FT requires its own Gigabit Ethernet network interface card for sending fault-tolerance logging traffic. A 10GigE connection is recommended.
To its credit, VMware did make it remarkably easy to enable FT: It's a simple command on the right-click menu of a VM. The company also ensured that FT could be enabled or disabled on a per-VM basis. Be aware, however, that FT only works within clusters that already have VMware high availability enabled.
Will FT make the big splash that VMware hopes it will? Given its current limitations, many organizations may hold off on widespread use of the technology, perhaps waiting until the first update. Still, FT might be just the solution sought by virtualization administrators who are charged with ensuring VM uptime.

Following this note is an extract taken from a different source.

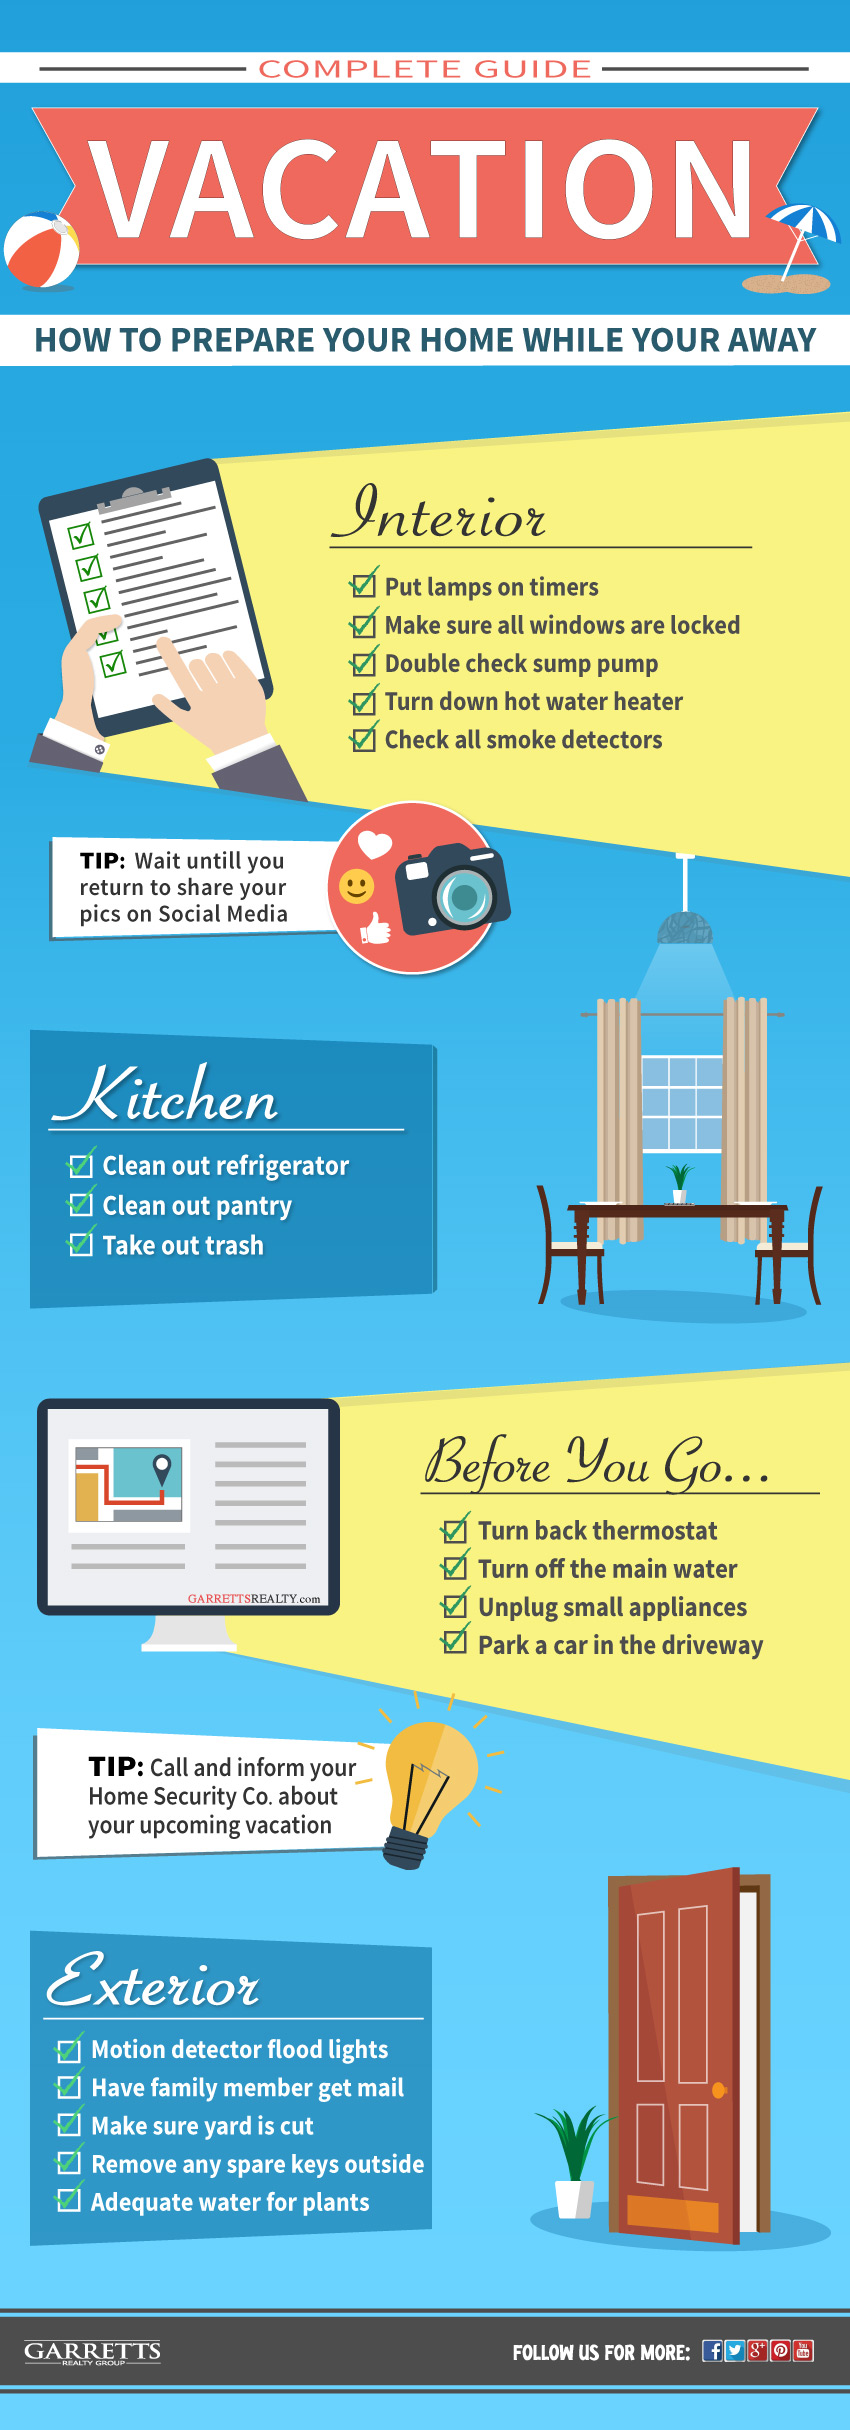 20 tips to prepare your house for vacation - Infographic.

A Major Upgrade, Not an Overhaul
vSphere combines some major new features -- vDS, vStorage Thin Provisioning, vStorage VMFS Volume Grow and VMware FT -- with a large number of new, minor features and enhancements. The good news is that VMware Infrastructure 3 customers with active Support and Subscription will automatically receive licenses to upgrade to vSphere. A few shifts in the licensing tiers -- such as the introduction of a new, high-end licensing tier named Enterprise Plus -- may require customers to pay some additional costs when moving to vSphere, but VMware is running heavy discounts on those upgrades through the end of the year. A couple of technologies, like the Nexus 1000V and PowerPath/VE, are items that require additional purchases from Cisco and EMC, respectively.
While some of the major new vSphere features radically change the way virtualization admins and architects design and implement solutions, I don't see vSphere as revolutionary. VMware has taken the solid base provided by earlier versions of VMware Infrastructure and extended it in logical ways to make vSphere even more capable than its predecessors. That sounds pretty evolutionary to me.